Table 8 Cost and income (million VND ha⁻¹ crop⁻¹) among rice–fish farmers (RF) and rice farmers (R) in Cai Be and rice farmers in LSWR (R LSWR)

Overall, the financial analysis shows that integrated rice–fish farming is a financially competitive alternative to rice monoculture, and that it uses less pesticides and fertilisers, which is likely to have positive effects on the environment and the farmers’ health, with additional positive long-term economic effects.

Farmers’ perception of ecosystem services status and trends

As shown in the previous financial analysis, rice has a large and direct impact on the farmers’ income and all farmers said that the rice yield was the most important service gained from the rice field ecosystem (Table 9). Still, the farmers also identified a number of other ecosystem services of importance to their livelihoods and wellbeing (Fig. 4).

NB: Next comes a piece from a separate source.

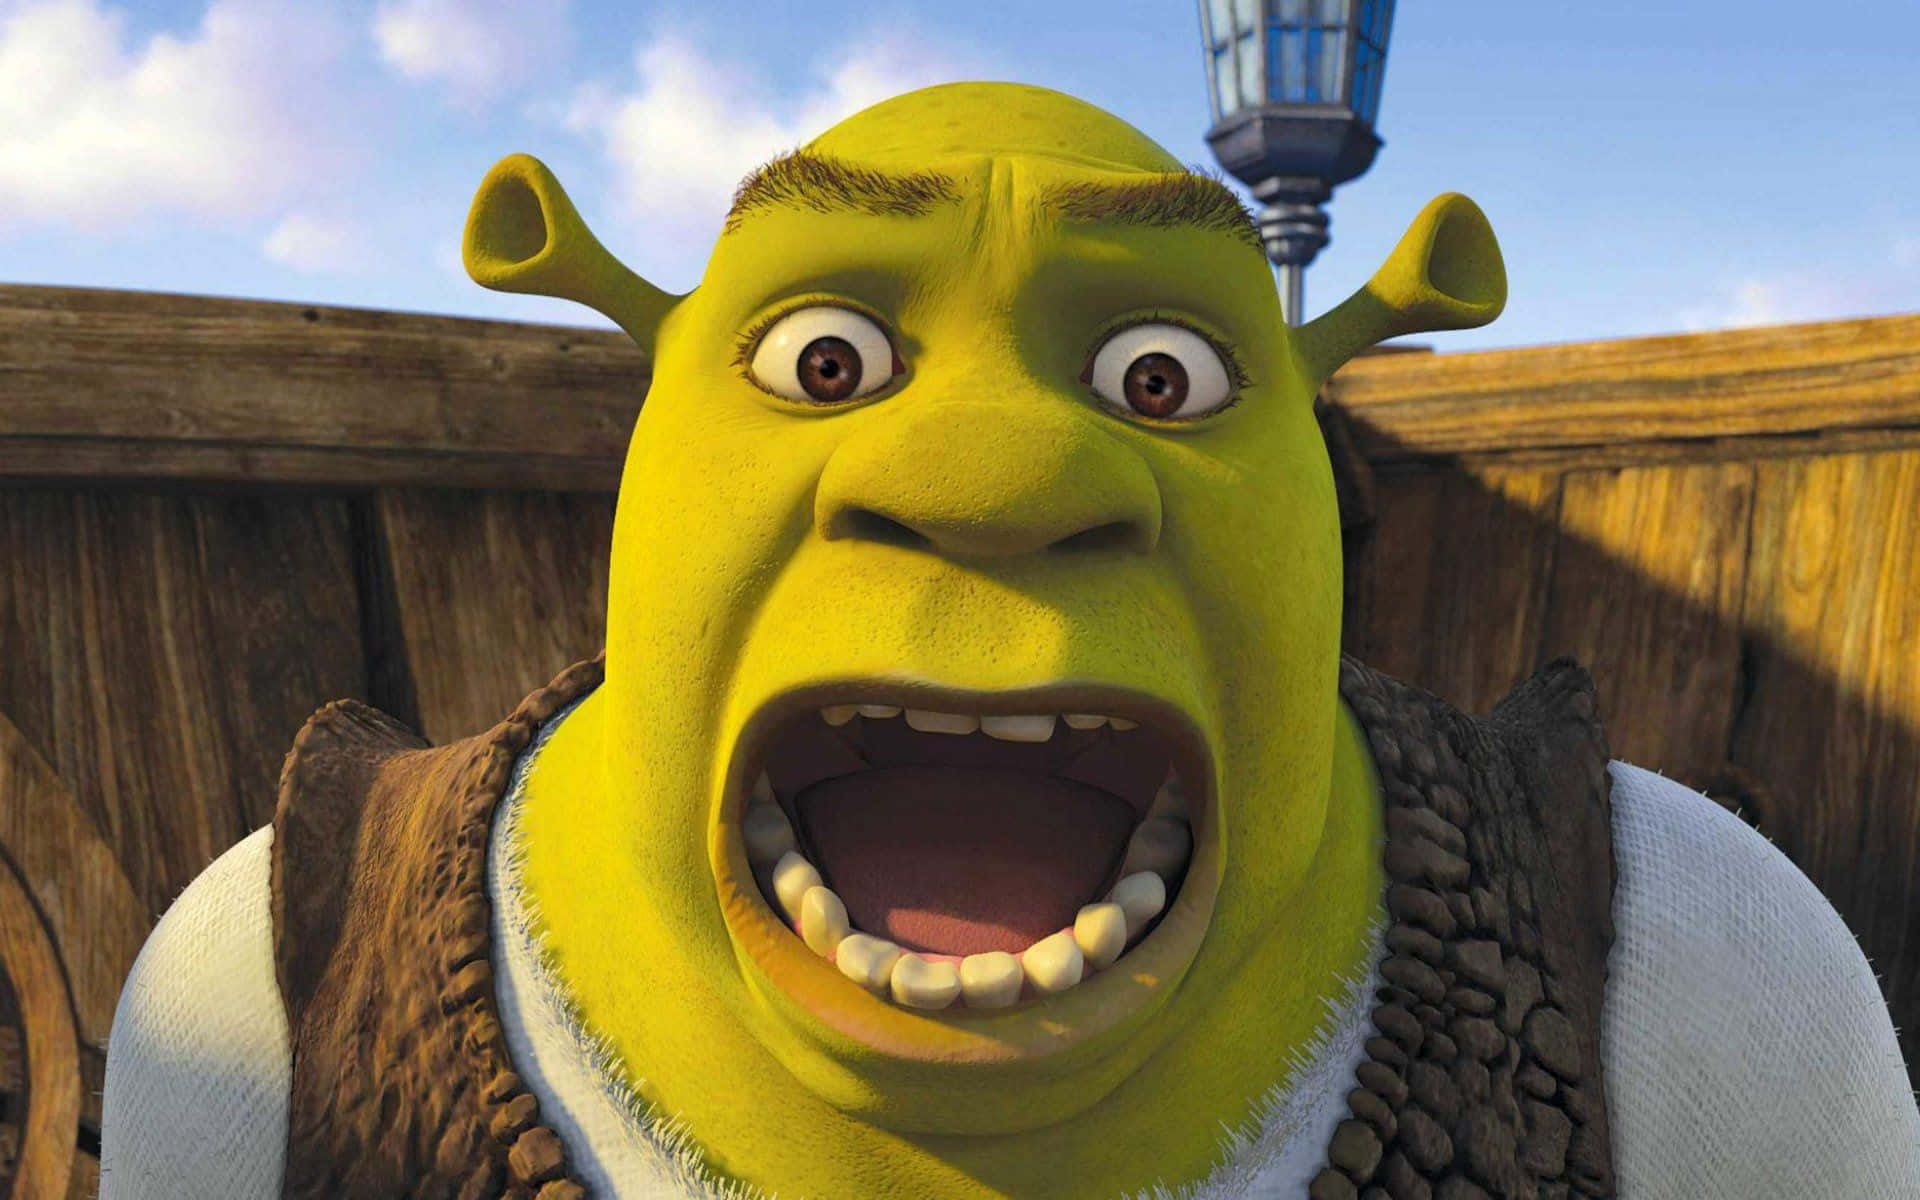 Shrek has a Laugh!

Table 9 Ranking of the importance of ecosystem services by the different farmer groups

Fig. 4

Adapted from Gordon et al. 2010

The overall perception of the farmers was that an increased production of rice has led to a general decrease of other key ecosystem services. The figure is a qualitative illustration of the farmers’ perception of the status of key ecosystem services provided by the rice fields and related wetlands in the Mekong Delta

Provisioning services included, in addition to rice, clean water, aquatic animals, wild vegetables and fuels. Among supporting services, habitats for wildlife and soil structure, were most commonly mentioned. Regulating services such as pollinators and natural enemies to control pests and diseases, were identified as important. Cultural services such as aesthetic values and festivals, were not so commonly mentioned by the farmers, but still seen as important (Fig. 4; Table 9). Overall, provisioning services seemed to be easiest for the farmers to understand and directly relate to.

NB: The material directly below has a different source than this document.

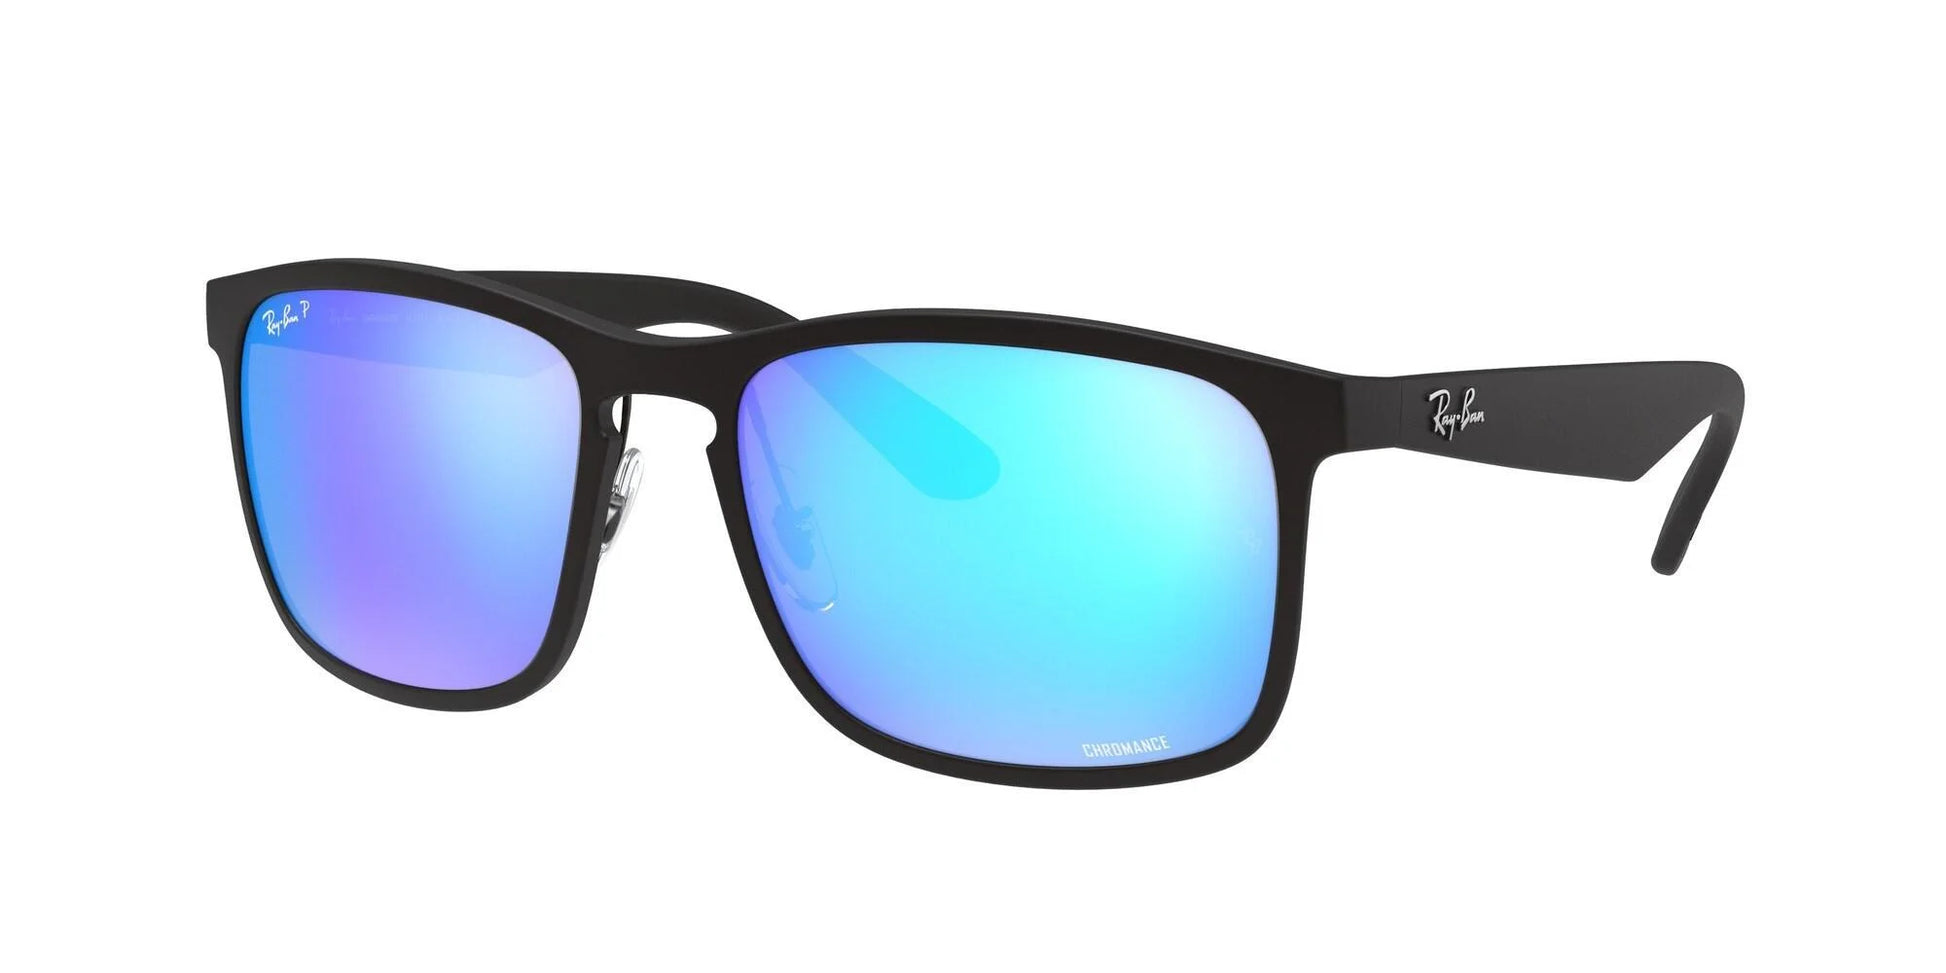 Ray-Ban RB4264 Sunglasses Black / Blue (Polarized)

Trends in the abundance of key ecosystem services

The farmers felt that during the last 15 years, there had been an increased production of rice but a decrease in many of the other ecosystem services (Fig. 4; Table 10). Contrary to the farmers in Cai Be, 35% of the farmers in LSWR had experienced an improved water quality during the last 15 years.

Table 10 Farmer’s perception of changes in key ecosystem services during the last 15 years

The future trend, for the coming 15 years, was perceived mostly as a continued increased production of rice and a continued decrease of the other key ecosystem services (Table 11). However, 19 farmers from the three different groups thought that natural enemies would increase.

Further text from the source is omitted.